Second, our modelling study did not include animal data. Indeed, rather than mechanistically simulating RVFV spill-over from animals to humans as in16, our objective was to combine two independent sources of data to assess the extent of 2018–2019 RVF outbreak in humans. Consequently, our model did not explore the mechanisms that led to a decreased number of human cases. Yet, a previous publication16 showed the epidemic fade out very likely resulted from the depletion of susceptible animals by natural infection, thus reducing the spill-over to humans. In the future, our results will be useful to parameterize such mechanistic models.

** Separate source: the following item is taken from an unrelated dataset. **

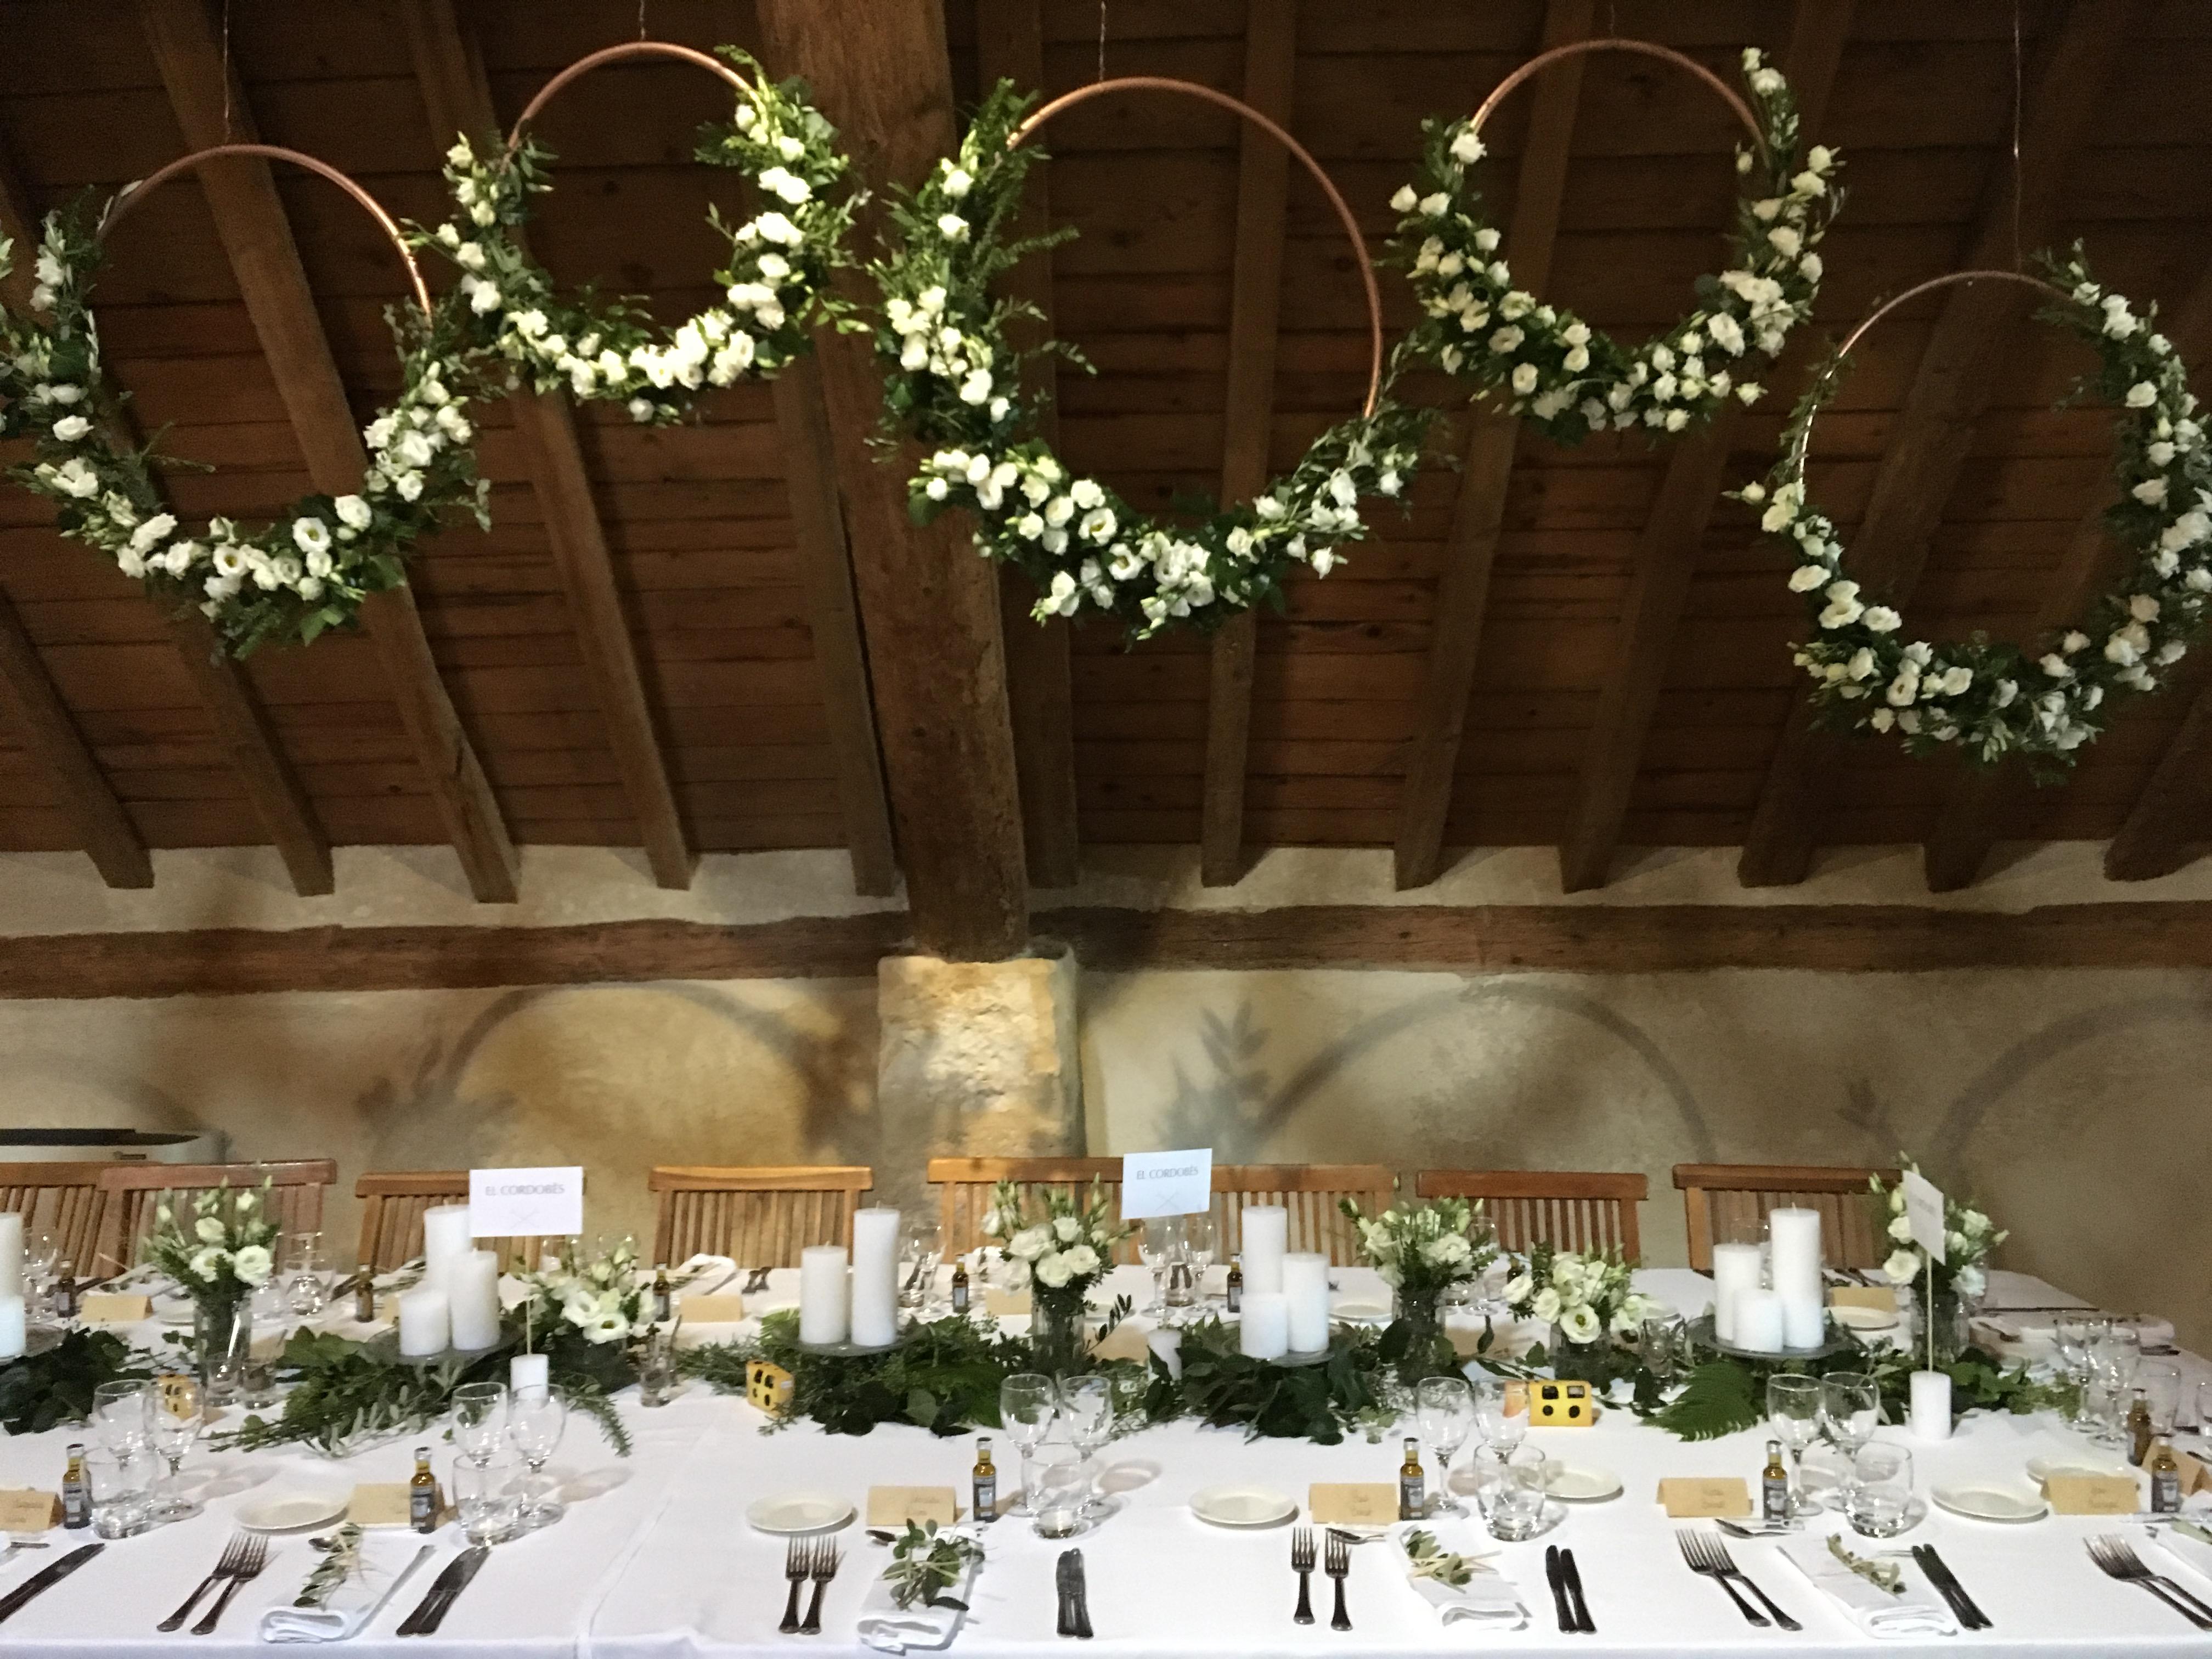 Décoration salle lisianthus Marlies Fleurs fleuriste Nimes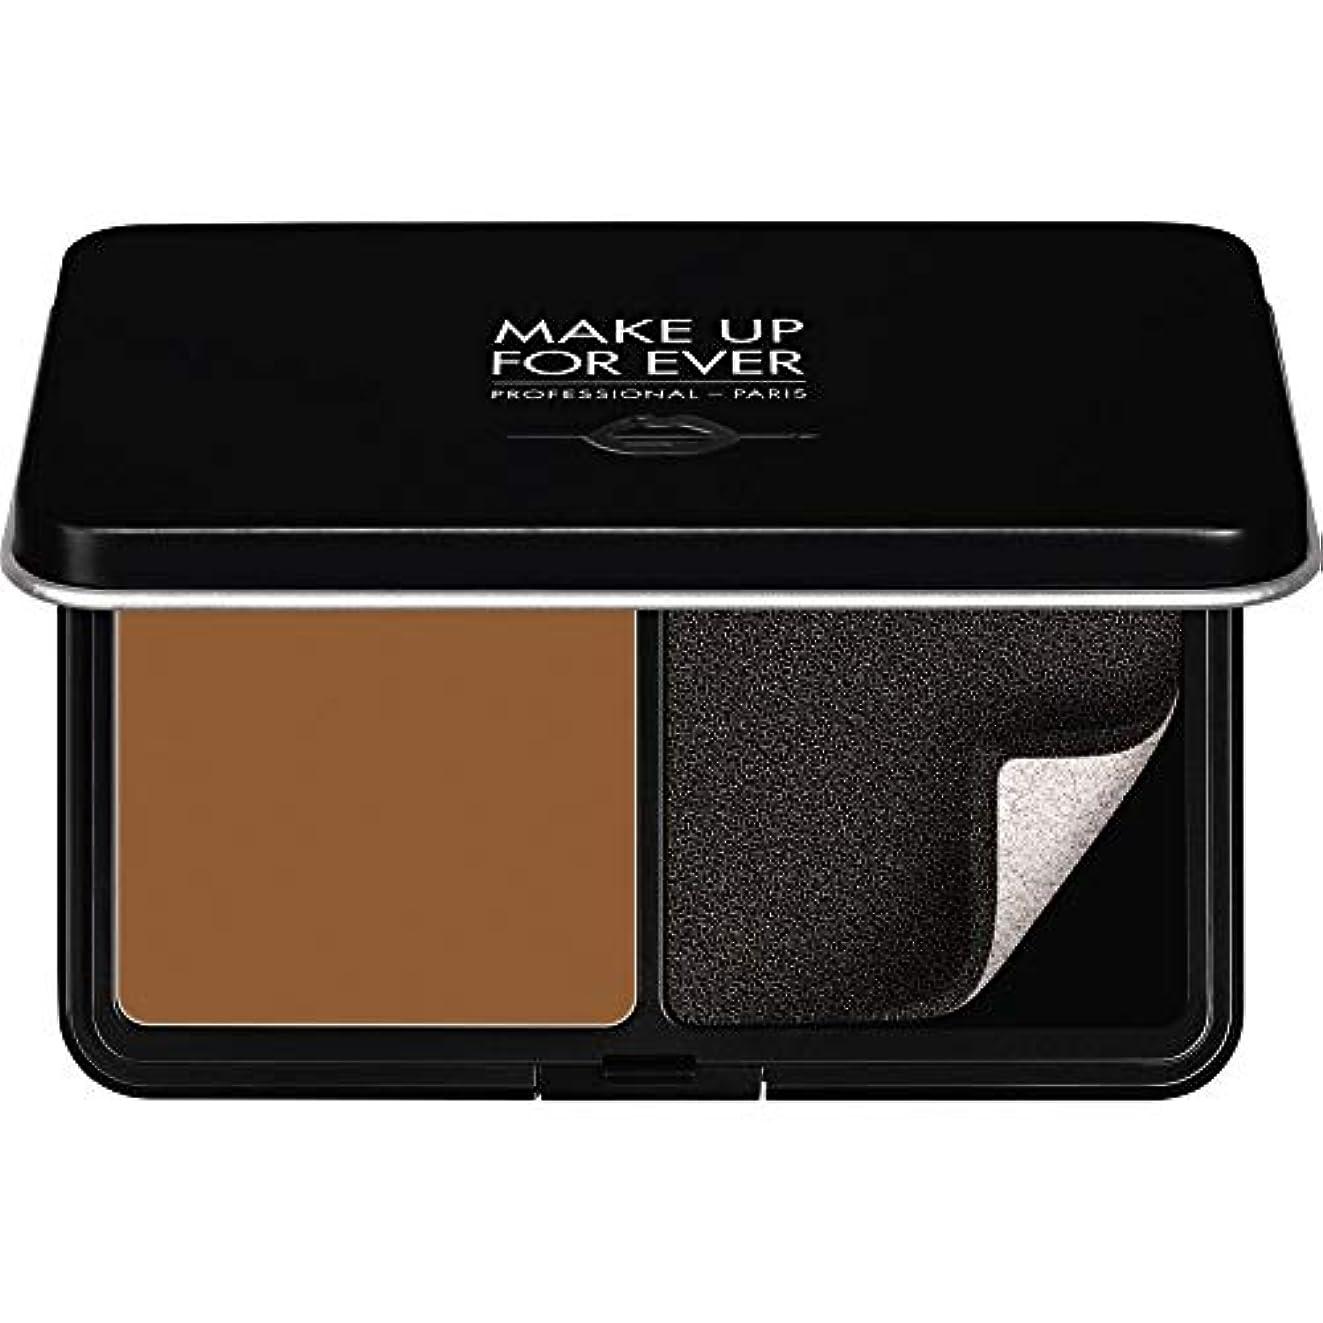 自治政権職人[MAKE UP FOR EVER] パウダーファンデーション11GののR520をぼかし、これまでマットベルベットの肌を補う - シナモン - MAKE UP FOR EVER Matte Velvet Skin Blurring...

Third, we assumed that the reporting fraction was constant over time, although it might have varied throughout the course of the outbreak. However, the testing of all patients with dengue-like symptoms and negative to other infections (described above) has been implemented since 2008, and it is reasonable to suppose that the surveillance system had a steady capacity to detect RVF cases who sought medical care.

Fourth, we made the assumption that the IgG detection technique in serum had a sensitivity and a specificity of 1. If the sensitivity was <1 and the specificity was unchanged, the estimated outbreak’s attack rate would be higher, and therefore the reporting fraction would be lower. On the other hand, the specificity of 1 is justified by the fact no other phlebovirus is known to circulate in this geographical area, preventing serological cross-reactivity with other viruses.

To conclude, combining incidence and seroprevalence data into a model, we estimated pre- and post-outbreak seroprevalence levels and reconstructed the true attack rate. This allowed us to provide the first estimate of RVF case reporting fraction during an epidemic, a key epidemiological parameter40 which has rarely been assessed for other important infectious diseases41,42,43.